Ainsi la conjointe qui aurait accepté la non-rémunération ou la sous-représentation numéraire (salaire symbolique) se trouverait ainsi protégée en cas de décès, divorce ou séparation. Elle serait en mesure de faire valoir la juste valeur de ses droits en tant que femme collaboratrice et conjointe et d'obtenir des compensations s'il y a lieu.

La situation telle qu'elle est aujourd'hui laisse la femme dans une position où faire la preuve de son statut réel reste très difficile et aléatoire.

L'expérience du passé montre qu'une telle démarche est nécessaire pour protéger la femme qui a à faire face à de telles situations. Lui procurer les moyens de faire valoir ses droits n'est que chose bien naturelle et légitime.

 

Un pas en avant

Un tel débat ne doit pas se présenter sous l'aspect d'une bataille, loin de là. Les mentalités doivent évoluer et s'ajuster aux réalités d'aujourd'hui, en s'adaptant aux situations et aux contextes nouveaux .

Il y a là un énorme travail d'éducation et de prise de con science à faire au niveau des individus, des couples et de la société. Il est encore difficile pour certains de couper avec la tradition et de faire un pas vers l'avant. Ce travail d'éducation qui s'est amorcé depuis quelques années a déjà porté ses fruits et se poursuit.

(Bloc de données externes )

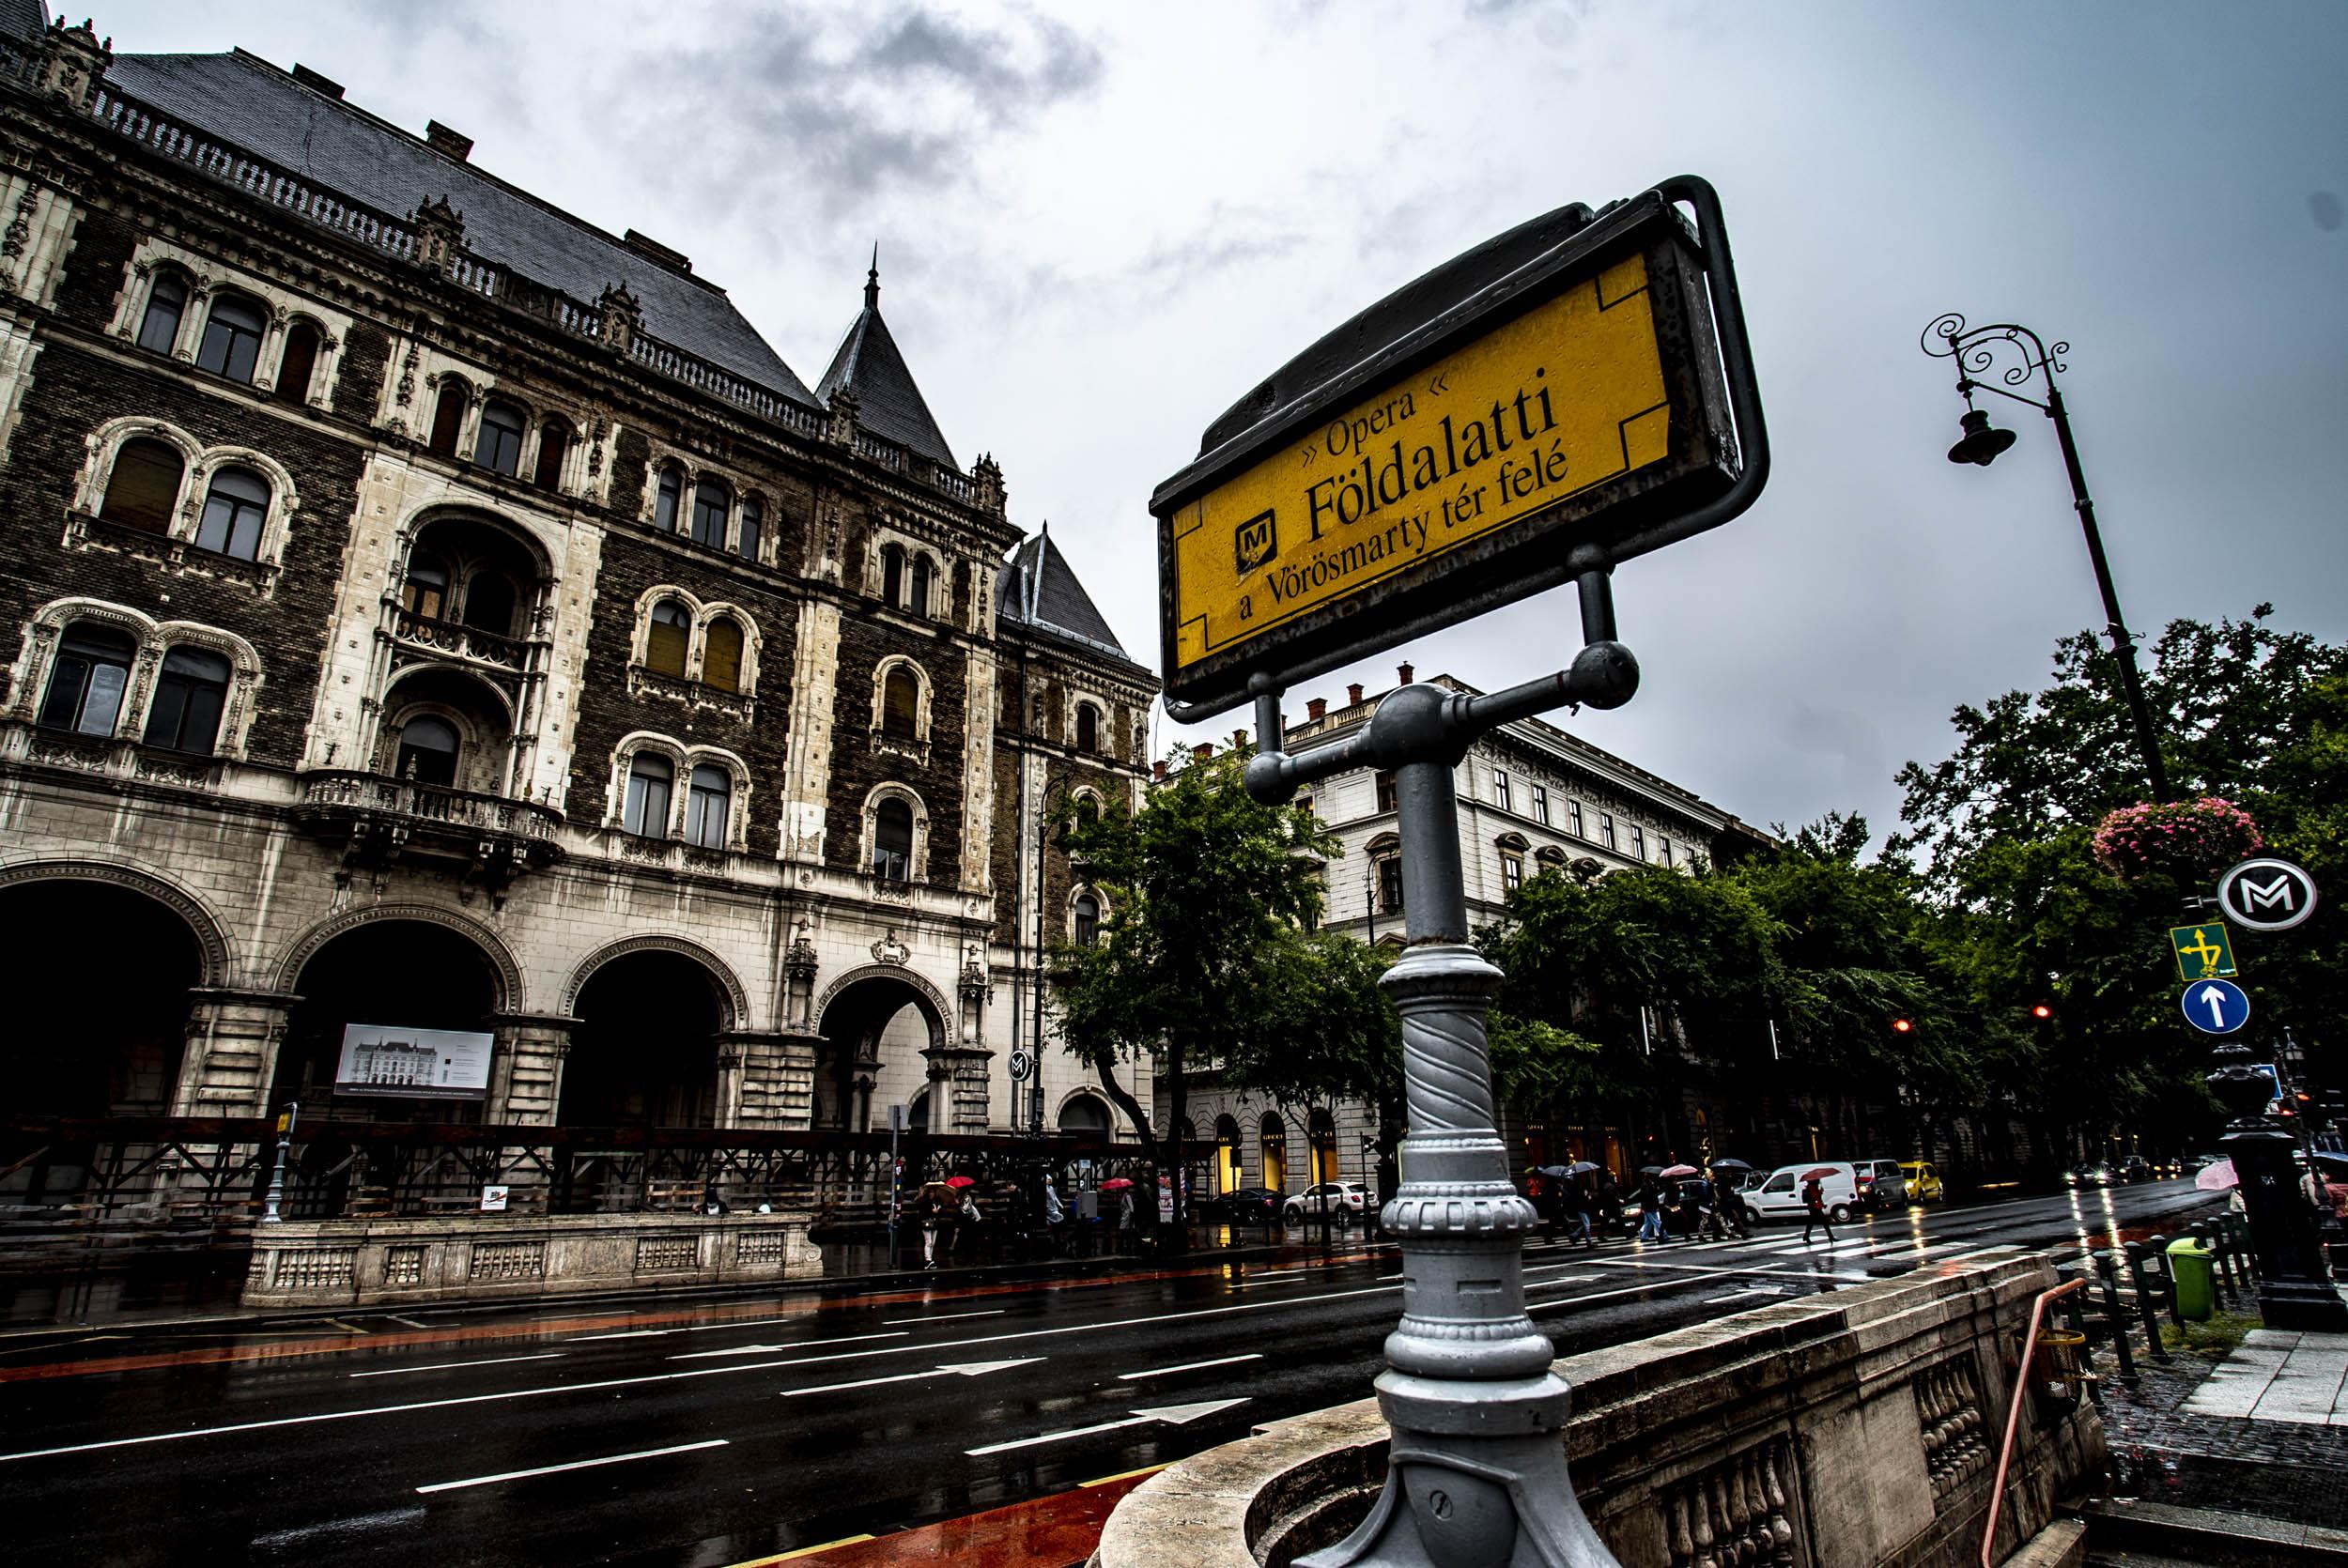 f4t (1 di 4) viaggio a budapest

Il faut encourager cette forme de travail en collaboration qui, bien exploitée, devient une source considérable de richesses et de bien-être pour la famille. Elle peut s'avérer être un facteur de renforcement de la cellule familiale où des liens privilégiés se créeront et aideront à l'unité de celle-ci.

Les enfants qui souvent seront amenés à contribuer à l'essor du projet familial développeront, relativement jeunes, un sens des responsabilités et un esprit d'initiative. Certains y travailleront temporairement alors que d'autres prendront la relève.

Le fait de travailler ensemble peut souder ou désunir. Il revient au couple de susciter un contexte où confiance et compréhension s'associent pour devenir des éléments concluants de réussite d'un projet commun.

Quand le projet réussit, cela permet à tous d'accéder à une bonne qualité de vie. Le fait pour une femme de se prendre en main peut avoir des répercussions sur l'ensemble de la famille. La femme qui est consciente de la valeur de son travail et qui le fait reconnaître peut retirer une satisfaction qui souvent se traduit par un intérêt plus prononcé face à son implication et à son intégration dans l'entreprise. Elle se sent plus concernée et plus motivée pour déployer des énergies au sein de celle-ci.